Esrevinu wrote 767 days ago

A. Sparrow, you have a winner on your hands. The rhythm is excellent and the writing compelling. Your descriptions are intelligent to say the least. I was as captivated at the end as I was when I read the first part of your wonderful book. I wish you the very best.
Best
Scott
The Esrevinu Chronicles/Secrets of the Elephant Rocks

Famlavan wrote 785 days ago


Xenolith – teach me not to read the Biog, however I’m glad I didn’t, would have missed this!!!

lionel25 wrote 798 days ago

Arc, your first chapter reads smoothly. Good job. I'd modify that opening sentence slightly to read: Frank lay bound on his side.

Happy to give this a spin on my shelf.

Joffrey (The Silver Spoon Effect)

yasmin esack wrote 807 days ago

Wonderful. Nice realistic descriptions and clear writing style. if this is Belize you could use a few Spanish words I think.

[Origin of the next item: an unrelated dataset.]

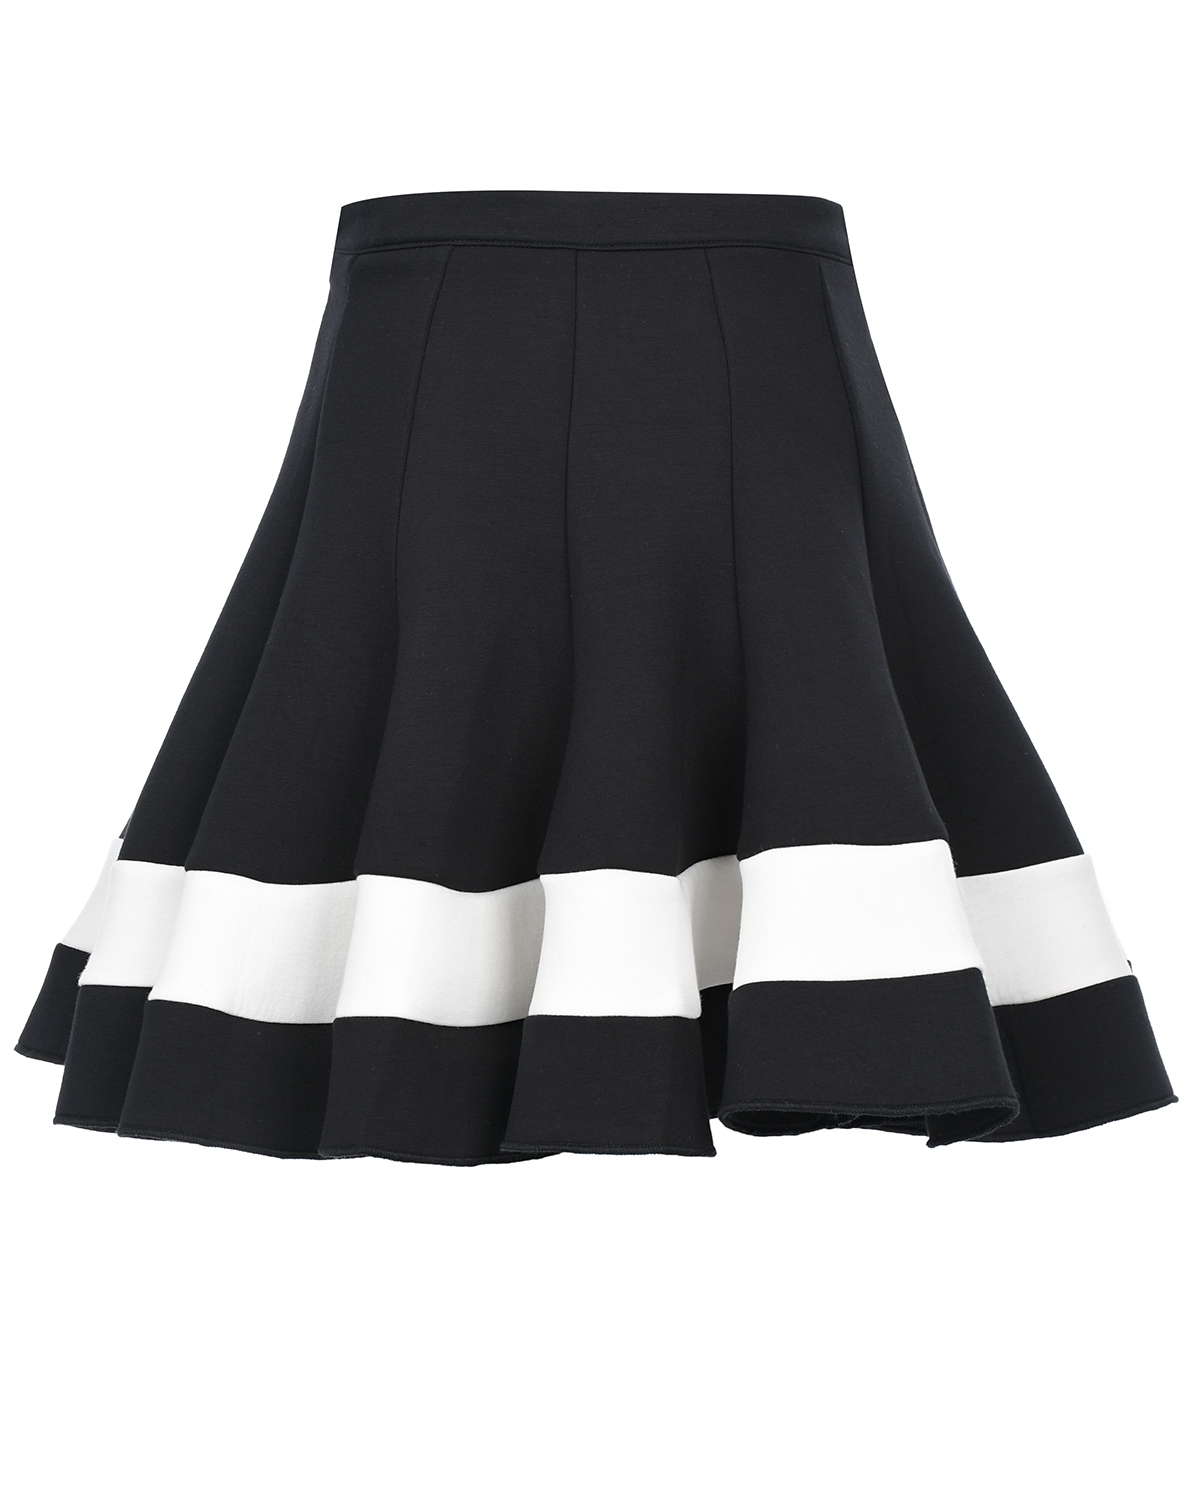 Расклешенная юбка с отделкой белой полосой TWINSET детская, размер 128, цвет черный - фото 2

Some editing concerns-you have a full stop

"You were on the bus to San Ignacio" said Frank.
Remove the fulstop you have after Ignacio.

Backed with pleasure

Francis Albert McGrath wrote 808 days ago

First class. Reminds me of James Siegel.
Frank

Patrick Xavier wrote 816 days ago

Xenolith is an artist named A. Barrow at work. The pitches are perfect, and the book picks up from there. Rich, effortless imagery in every carefully crafted sentence. Effortless for the reader, that is. One can only imagine how much the author tortured himself/herself to make them just right.

Becca wrote 823 days ago

I was really gripped from beginning. Your writing is amazing. I fell into the story and enjoyed the flow of your words.
A bit down, you have " "You were on the bus to San Ignacio." said Frank. It's a punctuation typo I think, since other times you use the comma with "said"
It's an interesting ending note. We don't know what these people are going to do to him.
Backed.
xBeccaX
The First Phoenix

K.Z. Freeman wrote 828 days ago

Water under the bridge? Why??? You have good, fun story here...

SRFire wrote 834 days ago

You have some fantastic descriptions here. The protagonist is in peril which helps to hook us into the story. Backed with pleasure, Sana

A.P. Constantin wrote 838 days ago

Powerful first chapter, brings the MC’s predicament to life.
I skimmed through some additional chapters and found the writing equally strong.
I hope you will get back to it soon. It would be a shame to abandon.

A.P. Constantin

The Crystal Butterfly Club

T.L Tyson wrote 926 days ago

I noticed that this is revised. I would have liked to have seen the original for this is pretty darn good.
You had me at ants. It got me squirming. Litterally because I hate ants.
That said you have created a first chapter that wrangles in the reader and lets them experience what Frank is going through. what he is seeing, smelling and thinking. A perfect opening I would say.
Backed.
T.L Tyson-Seeking Eleanor

JonathanW wrote 930 days ago

Hell of an opening right here. You create a palpable sense of fear and confusion as poor frank is abducted. Great hook too - why is he being abducted? Who are his captors? I'll have to read on to find out! I like your descriptions - particularly of the ragtag gang of kidnappers and their weapons - but watch out for overwriting. For example "the knee of an ambusher arrested his escape" would sound better trimmed down to "a knee stopped him". Just my opinion, of course.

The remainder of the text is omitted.